Within the first 60–90 days, book a 1-hour conversation with a Vietnamese tax adviser. Specific questions:

  1. At what date am I likely to cross the 183-day threshold, given my planned travel?
  2. What's the most efficient day-of-year to formalise my residency — beginning of calendar year vs partway through?
  3. Are any of my foreign-source income streams already taxable here under treaty rules?
  4. Where does the treaty between Vietnam and my home country specifically split tax on employment income, rental income, dividends, pension income, capital gains?
  5. What's the realistic annual filing cost through your firm?
  6. What's the deadline / penalty regime for late filing and late payment?
  7. Should I file as resident in year 1, or trip the residency test in year 2? (For most arrivals it's automatic, but the question is worth asking.)
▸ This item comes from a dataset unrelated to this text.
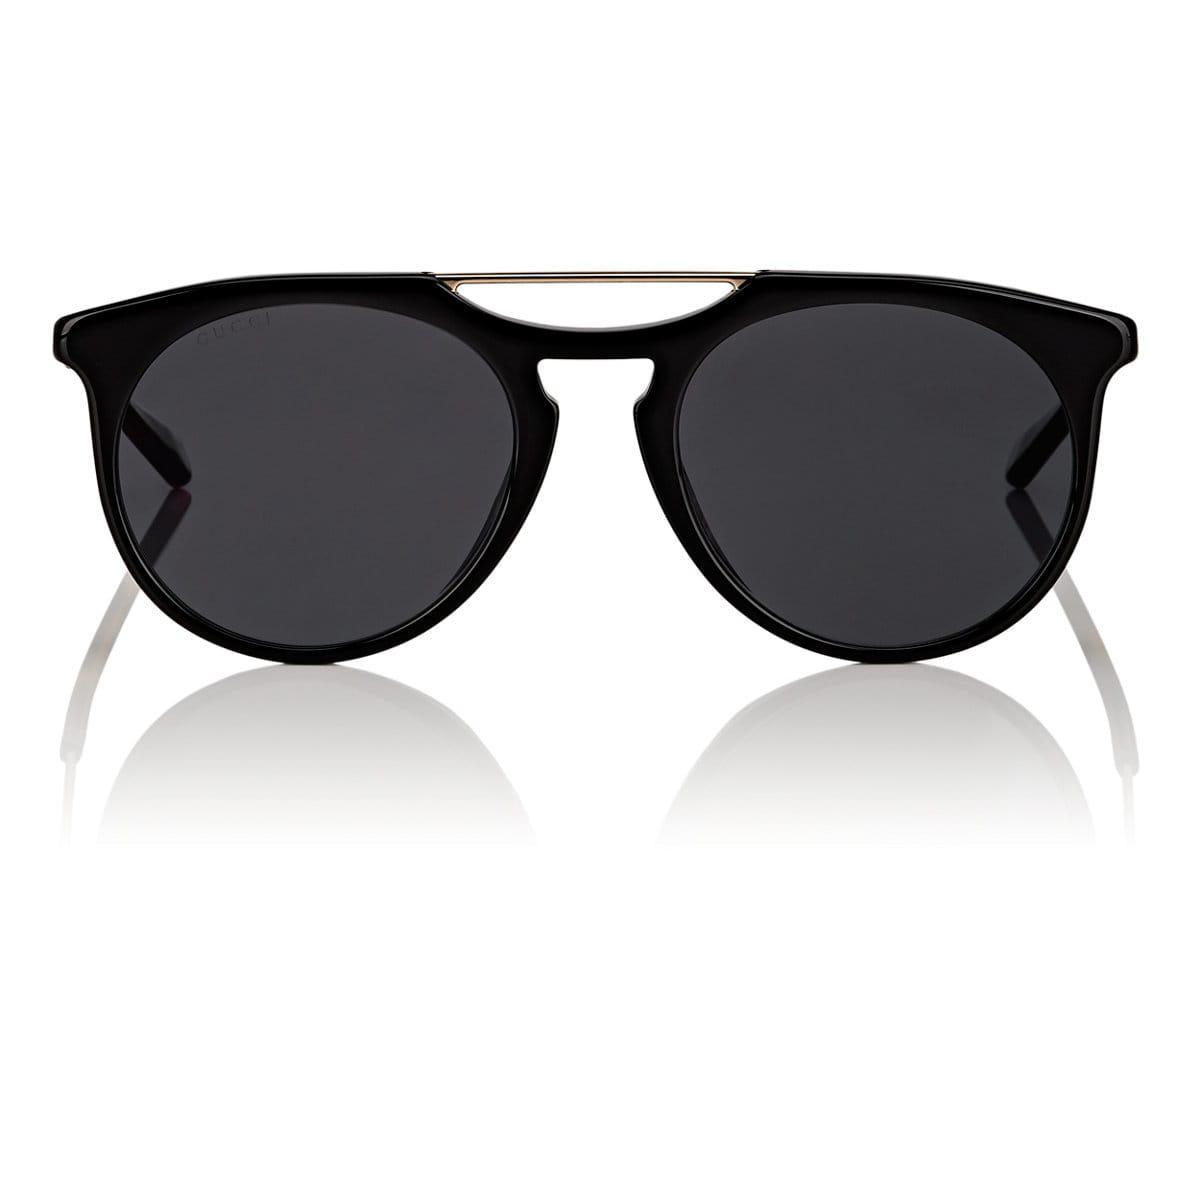 8ca18f7a1c Lyst - Gucci GG0320S Sunglasses in Brown for Men

Cost: $150–400 for an introductory consultation. Worth every đồng if it prevents one year of misfiling.

Common pitfalls

  • Assuming visa class controls residency. It doesn't. Physical-presence days do.
  • Not counting the entry / exit days. Both count as full days; getting this wrong by a few days a year is common.
  • Treating "home country" as the default. If you're a US citizen, you're taxable on worldwide income everywhere regardless of where you live. The US-Vietnam treaty is signed but unratified — there is no formal treaty relief at present. US citizens specifically need a tax adviser experienced with both jurisdictions.
  • Failing to keep payslips. Treaty credit usually requires documentation. Save everything.
  • Filing late in year 1. Annual finalisation is due by 31 March of the following year (or 30 April if you use a registered tax agent). Late filing carries penalties.

What if you stay under 183 days?

If you split your year deliberately between Vietnam and somewhere else, you remain a non-resident: only Vietnam-source income is taxed (at a flat 20%). Many remote workers structure their year this way.

But: the country you're tax-resident in instead may then claim worldwide income, and some — Thailand, Singapore, much of the EU — are stricter than Vietnam. Tax homelessness rarely works cleanly.